Interview du chef de projet Grand Hamster : Julien Eidenschenck

Grand hamster d'Alsace près de son terrier Philippe Massit

La plaine d’Alsace abrite l’une des espèces de mammifère les plus menacées de France : le Grand hamster (ou hamster commun). Encore très répandu en Alsace (seule région française de présence de l’espèce) jusqu’au début des années 70, comptant alors plus d’un million d’individus, ce rongeur ne compte plus que quelques centaines de représentants aujourd’hui.

Grâce à cet interview de Julien Eidenschenck, chef de projet du programme de sauvegarde, nous vous proposons de découvrir les détails de la conservation d’une espèce !

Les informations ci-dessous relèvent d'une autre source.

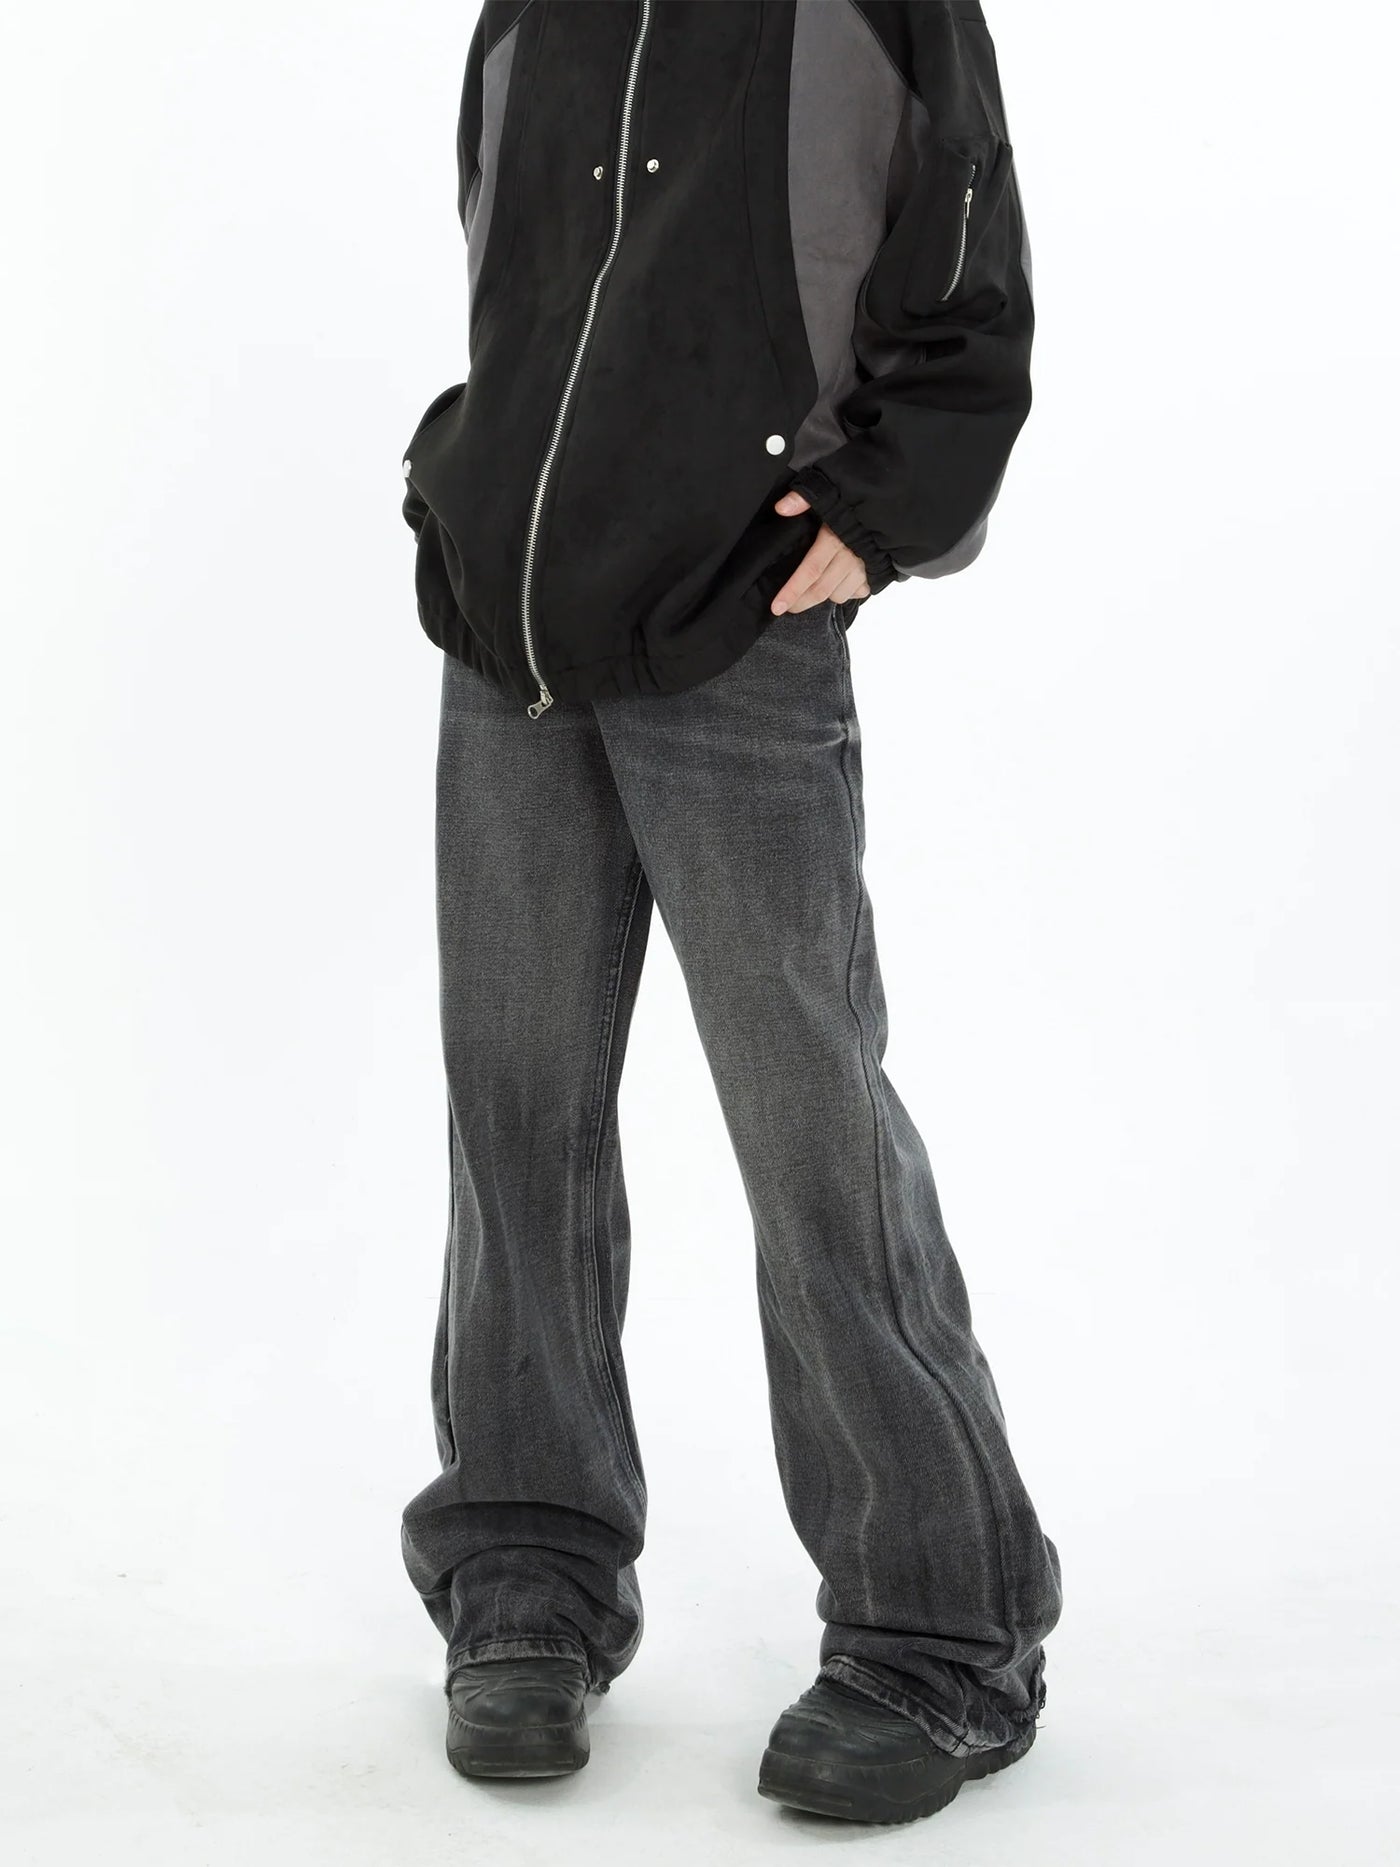 MaxDstr Whisker Lightning Pattern Flare Jeans Korean Street Fashion Jeans By MaxDstr Shop Online at OH Vault

Ce que vous allez apprendre

  • Comment s’est déroulé et se déroule encore le programme de sauvegarde
  • Quelle place pourrait avoir le programme de sauvegarde du Grand hamster
  • Quels sont les dangers qui pèsent actuellement sur le Grand hamster

Le Grand hamster d’Alsace

Grand hamster d'Alsace descendant dans son terrier Philippe Massit

On retrouve le Grand hamster dans une quinzaine de communes alsaciennes, contre plus de 300 communes en 1972, réparties dans trois secteurs.

Il y a 40 ans, dans notre pays, le Grand hamster vivait dans une relative indifférence à l’exception des agriculteurs d’Alsace qui le combattaient légalement en raison d’importants dommages aux cultures. Aujourd’hui, une partie des enfants et petits-enfants de ces exploitants agricoles questionnent leurs pratiques culturales pour chercher à préserver les dernières populations d’une espèce qui pourrait devenir un emblème de l’Alsace.

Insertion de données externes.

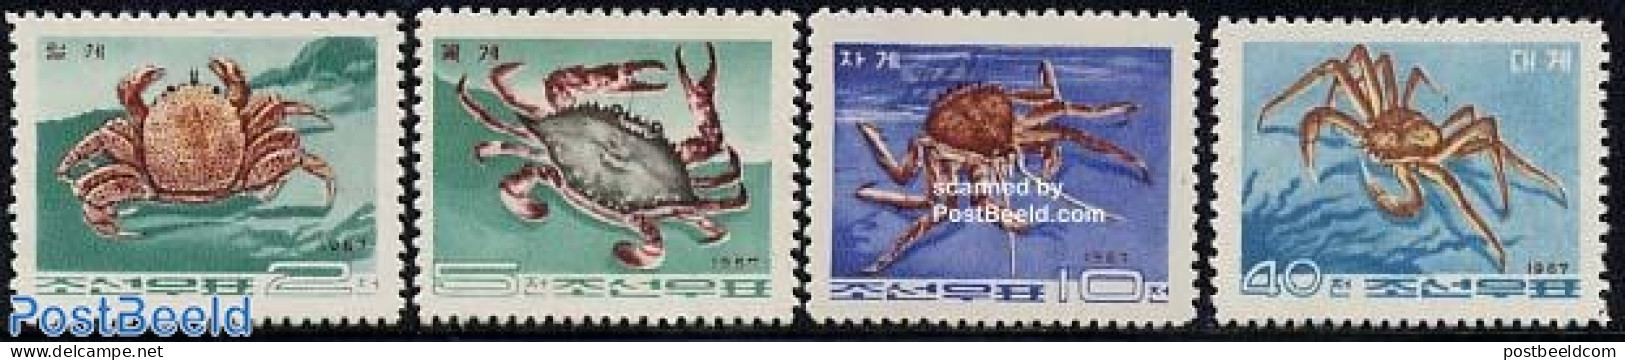 Korea, North 1967 Crabs 4v, Mint NH, Nature - Shells & Crustaceans - Crabs And Lobsters - Meereswelt

L’artificialisation du milieu de vie du Grand hamster est un autre facteur à l’origine de son déclin.

Sa préservation fait l’objet d’un Plan national d’actions (PNA) et d’un projet LIFE ALISTER (cofinancé par l’Union Européenne) portés respectivement par l’Etat et la Région Grand Est, associant les mondes associatif et agricole, ainsi que des organismes publics de développement et de recherche.

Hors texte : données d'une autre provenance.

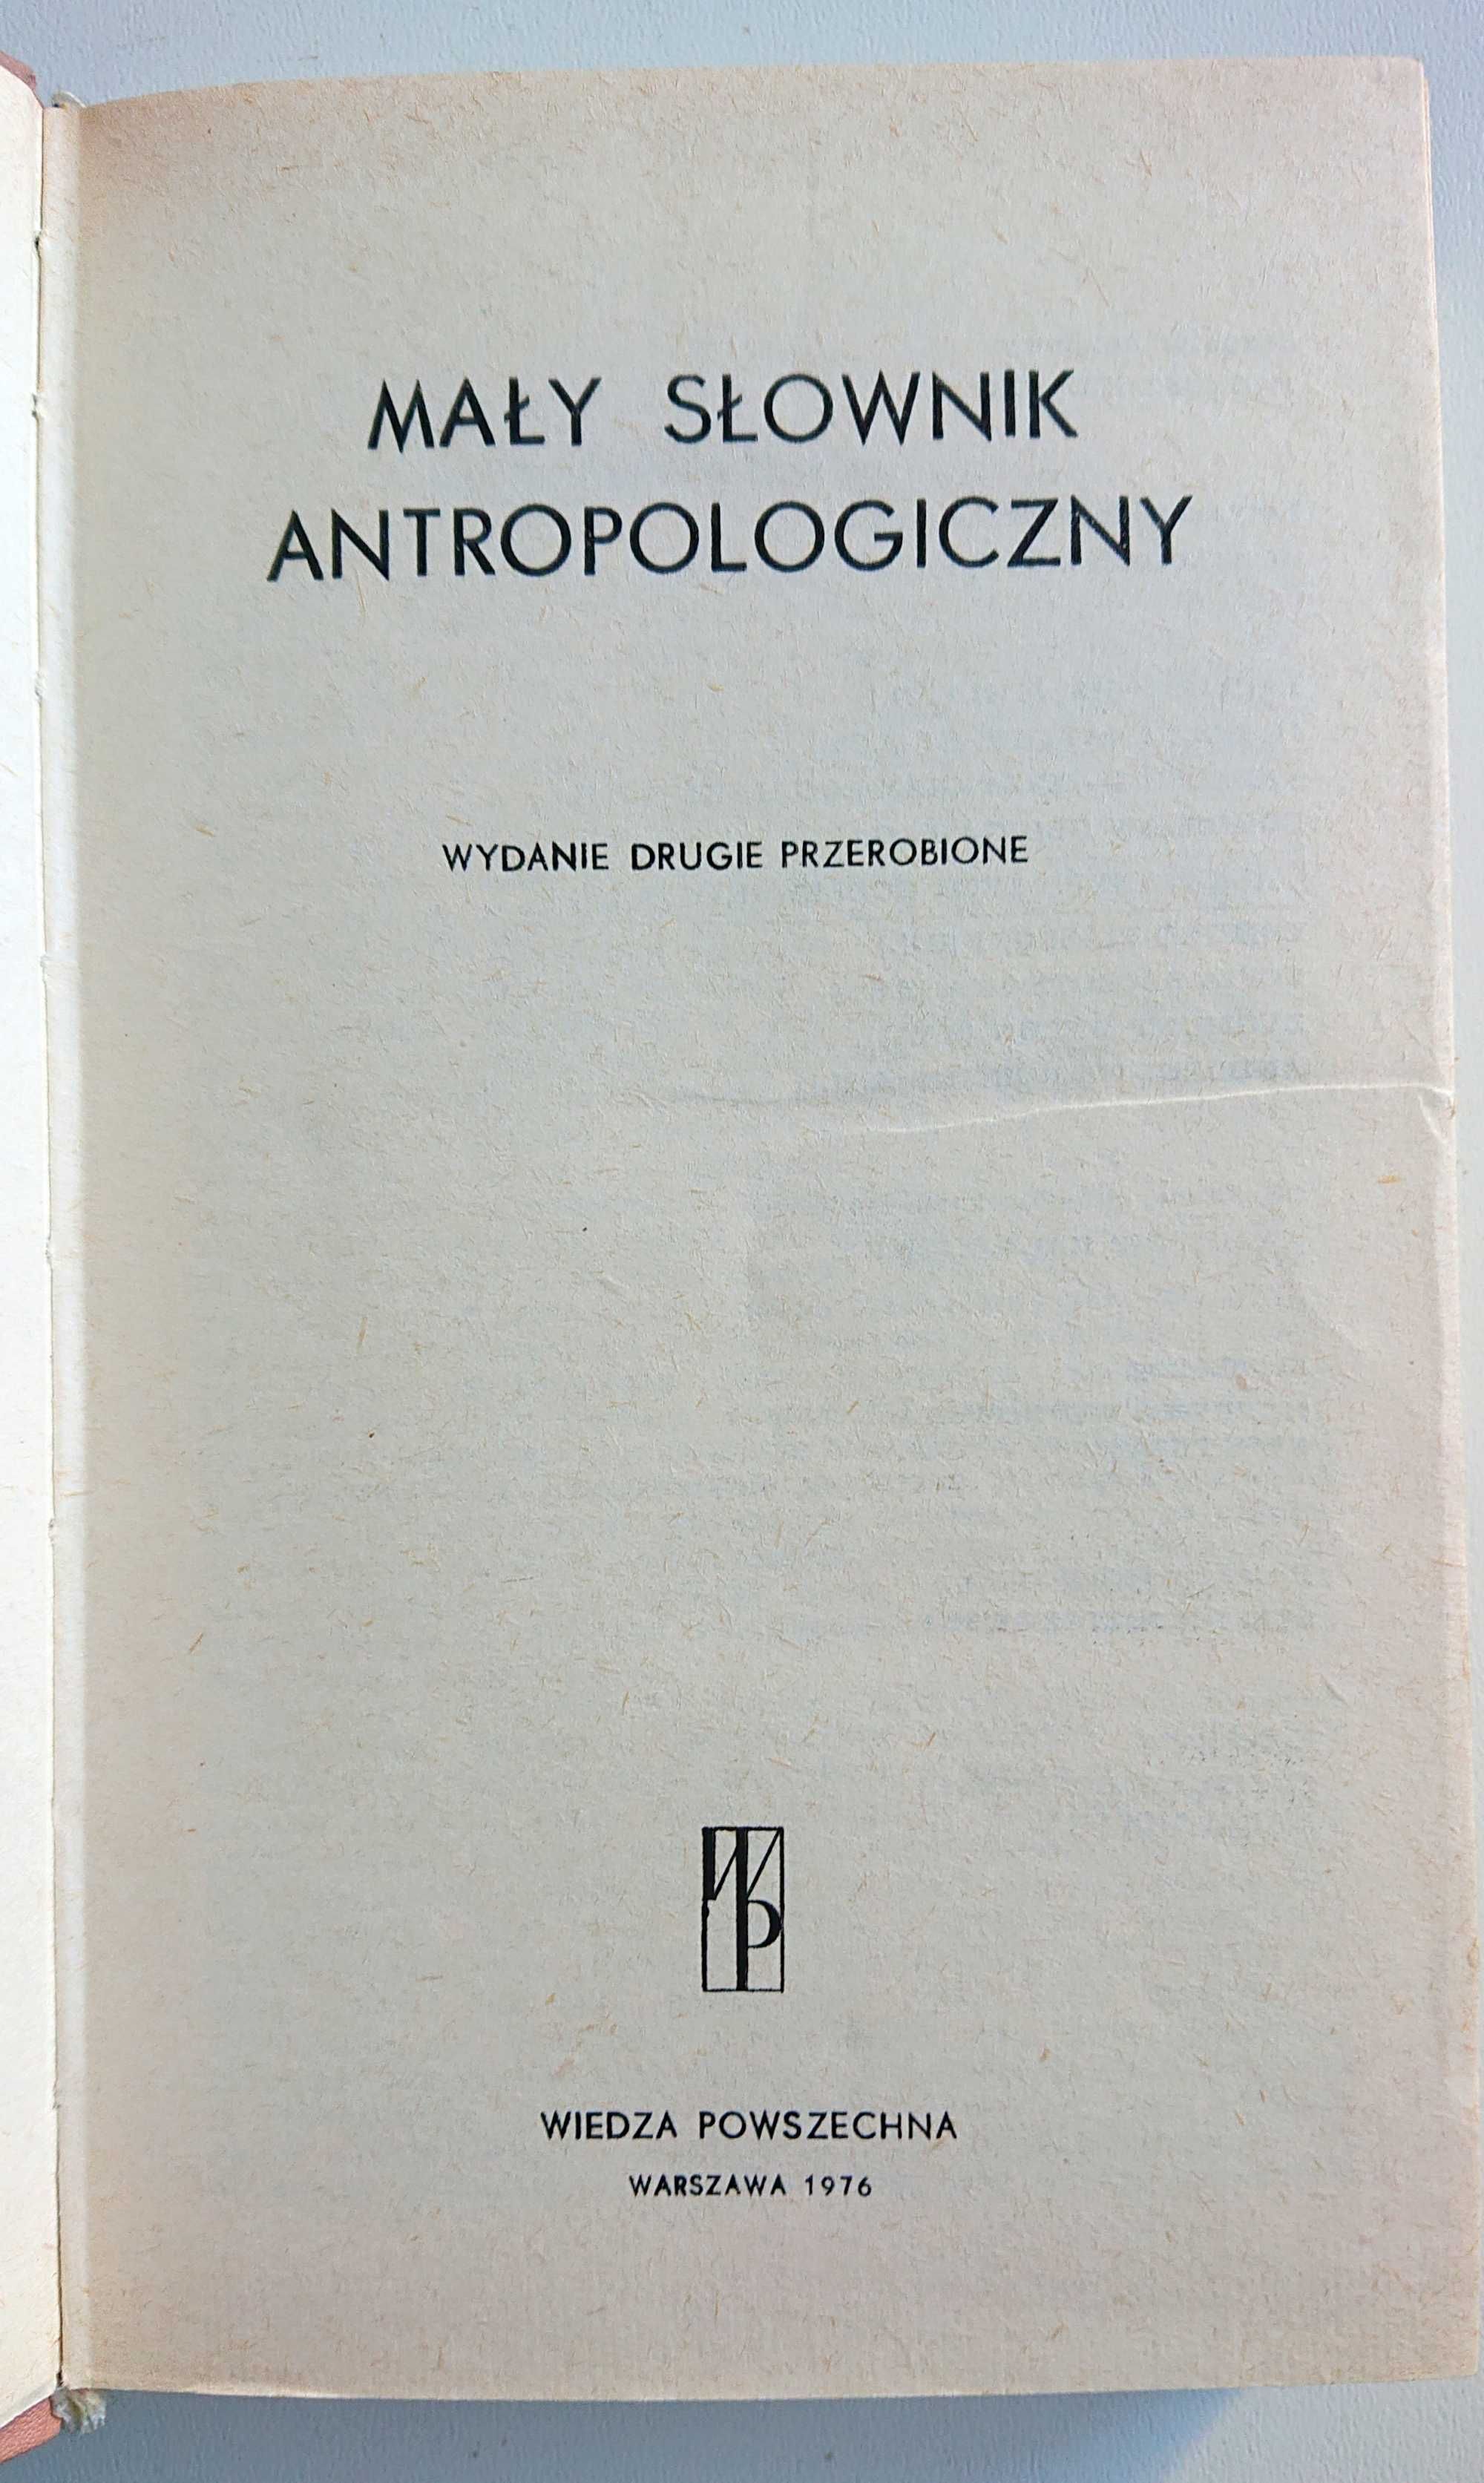 "Mały słownik antropologiczny"

  1. Cela fait désormais près d’une dizaine d’années que vous êtes en charge de la mission Hamster à l’ONCFS (Office National de la Chasse et de la Faune Sauvage). De PNA (Plan National d’Actions) en LIFE+, qu’est-ce qui a vraiment changé dans la prise en charge de la conservation du Grand hamster d’Alsace depuis ses débuts ?

    Relâché de grand hamster d'Alsace Philippe Massit / ONCFS

    Aujourd’hui, il est devenu possible d’aborder cette espèce et les enjeux de sa préservation devant plusieurs dizaines d’agriculteurs venus spécialement en réunion pour traiter ce sujet. Ceci n’aurait pas été envisageable voici seulement 10 ans.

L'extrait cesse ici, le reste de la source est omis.